- Episode no.: Season 6 Episode 12
- Directed by: Ray Austin
- Written by: Donald James (teleplay)
- Original air dates: 1 May 1968 (ABC, US); 11 December 1968 (Thames, UK);

Guest appearances
- Johnny Sekka; Nicola Pagett;

Episode chronology
| ← Previous "Look - (Stop Me If You've Heard This One) But There Were These Two Fellers..." | Next → "They Keep Killing Steed" |

= Have Guns — Will Haggle =

"Have Guns — Will Haggle" is the twelfth episode of the sixth series of the 1960s cult British spy-fi television series The Avengers, starring Patrick Macnee and Linda Thorson.

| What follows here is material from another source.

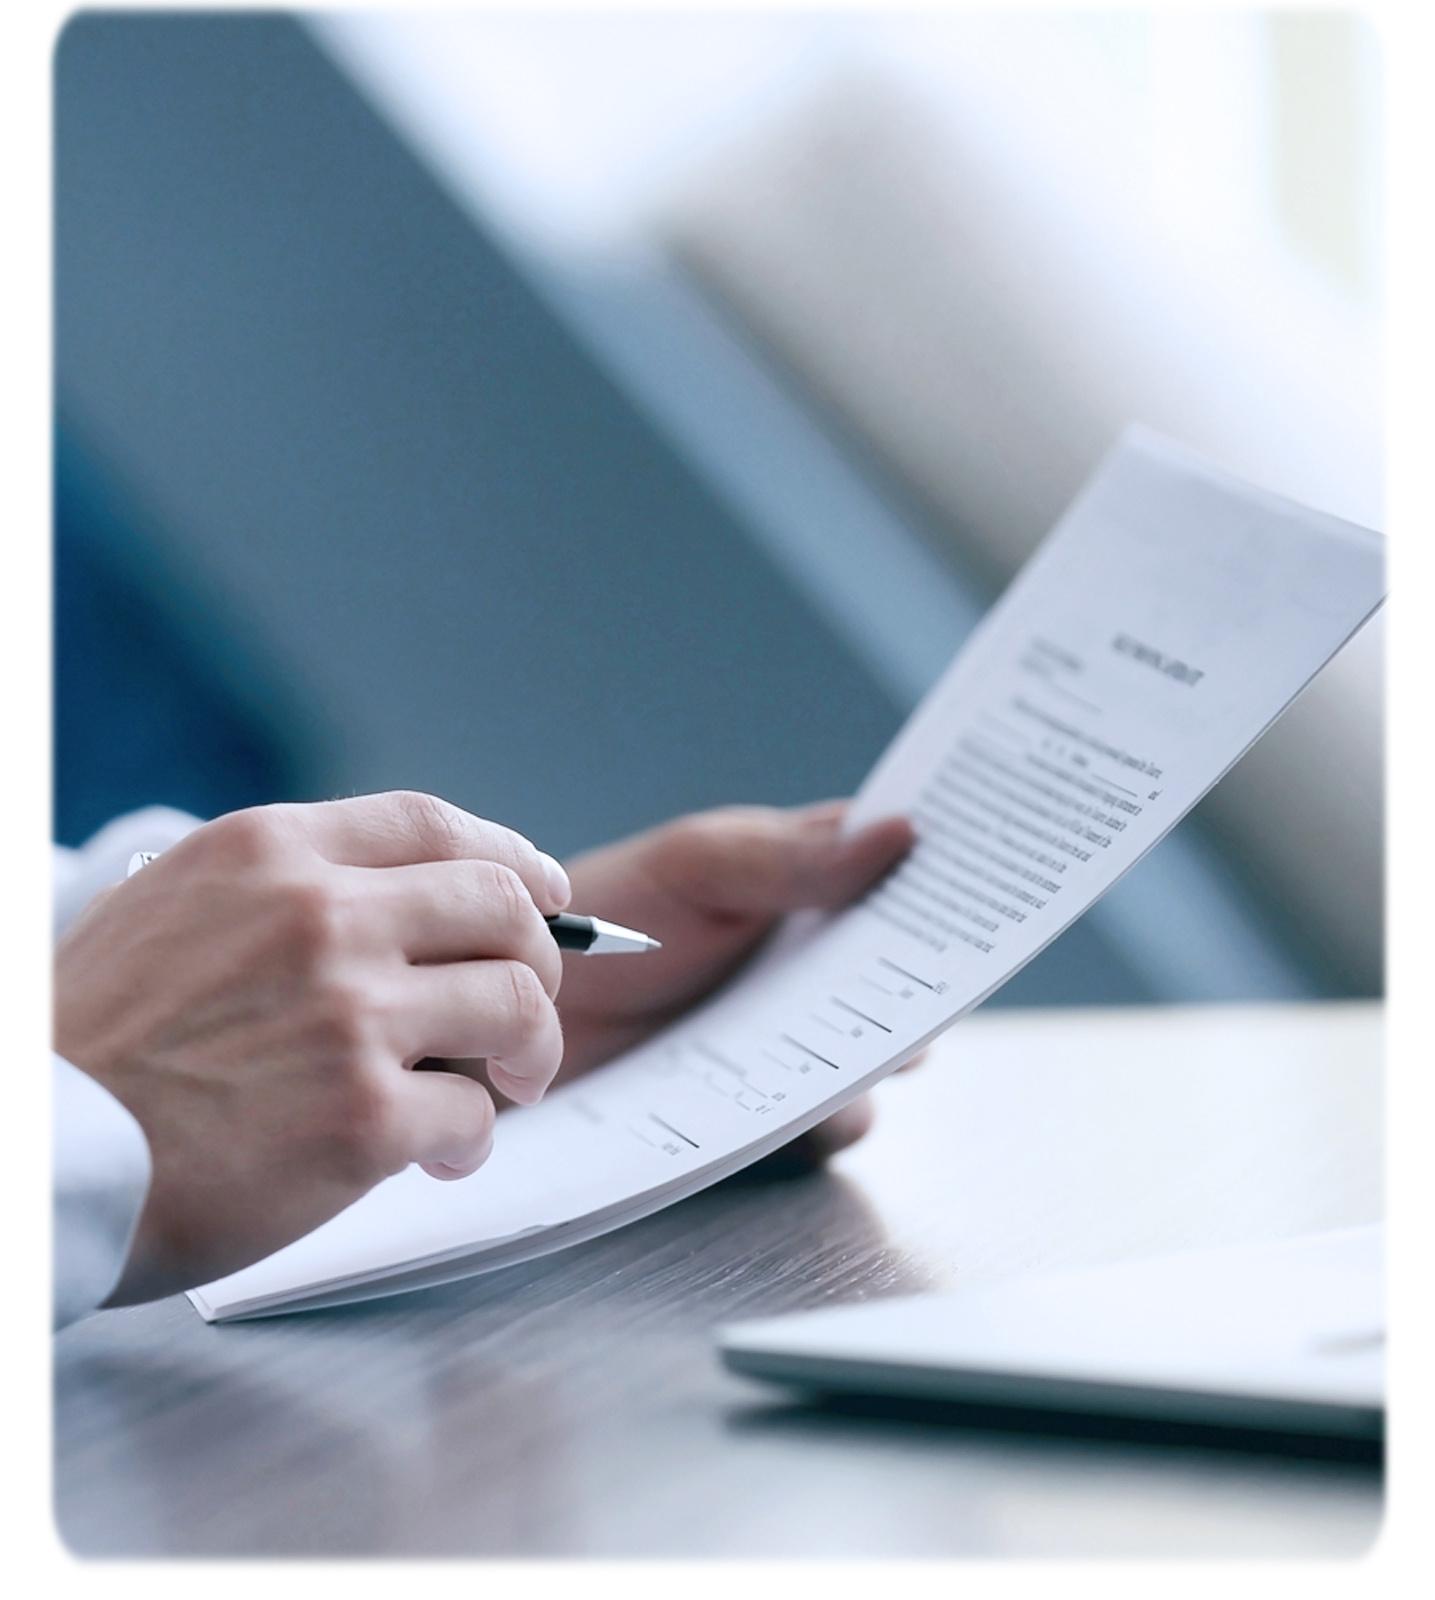 fleetPro_B2B_energieversorger_Compliance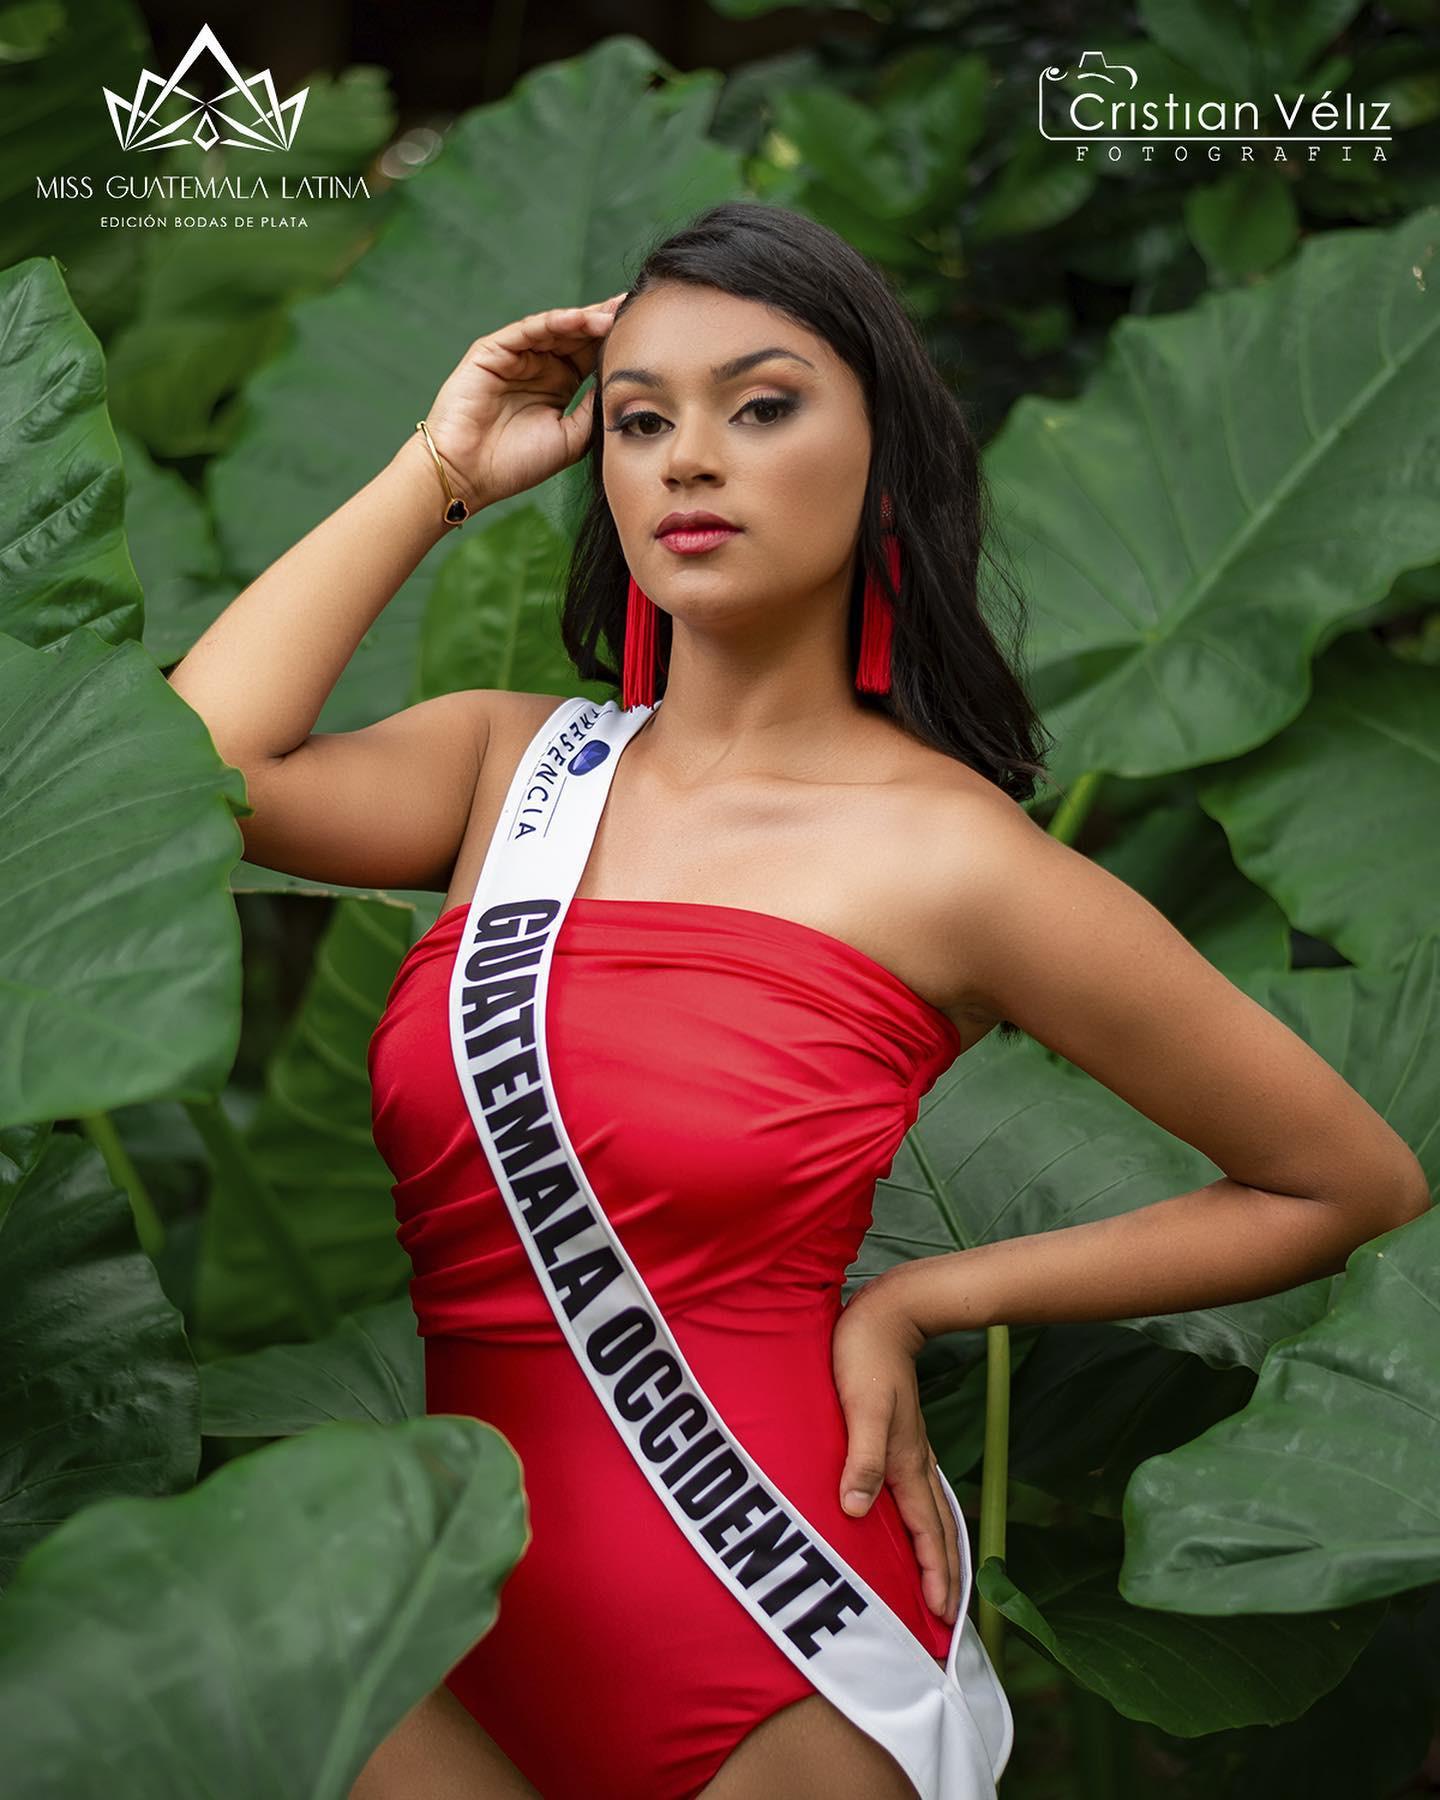 candidatas a miss guatemala latina 2021. final: 30 de abril. - Página 4 B3u3xf

Its first broadcast was on the US ABC network on 1 May 1968. Its first UK broadcast was on 11 December 1968 by Thames Television, who commissioned this series of the show for the ITV network. The episode was directed by Ray Austin and written by Donald James.

==Plot==
Three thousand top-secret and super-powerful FF70 rifles are stolen and come up on the black market for auction. In order to thwart the power-hungry Col. Nsonga, Steed decides to try and outbid him. There is an added incentive: the winner also decides the fate of the captured Tara.

==Cast==
- Patrick Macnee as John Steed
- Linda Thorson as Tara King
- Johnny Sekka as Col. Nsonga
- Nicola Pagett as Adriana
- Jonathan Burn as Conrad
- Timothy Bateson as Spencer
- Michael Turner as Crayford
- Robert Gillespie as Lift Attendant
- Peter J. Elliott as Brad
- Joe Dunne as Smith
- Frank Maher as Mercenary 1
- Terence Plummer as Mercenary 2
- Rocky Taylor as Mercenary 3

==Production==
Filmed between October 1967 and February 1968, "Have Guns — Will Haggle" started as the pilot episode of the sixth series of The Avengers. In its original conception, entitled "Invitation to a Killing", it ran for 90 minutes and introduced the character of Tara King. As with Steed's previous companions, the intention was to introduce Tara as already working with Steed. However, when original producer John Bryce was replaced by Albert Fennell and Brian Clemens, they decided to begin the series with "The Forget-Me-Knot" which explicitly introduced the character, so "Have Guns — Will Haggle" was moved to midway through the run. As such, it was edited down to the usual length of around 50 minutes.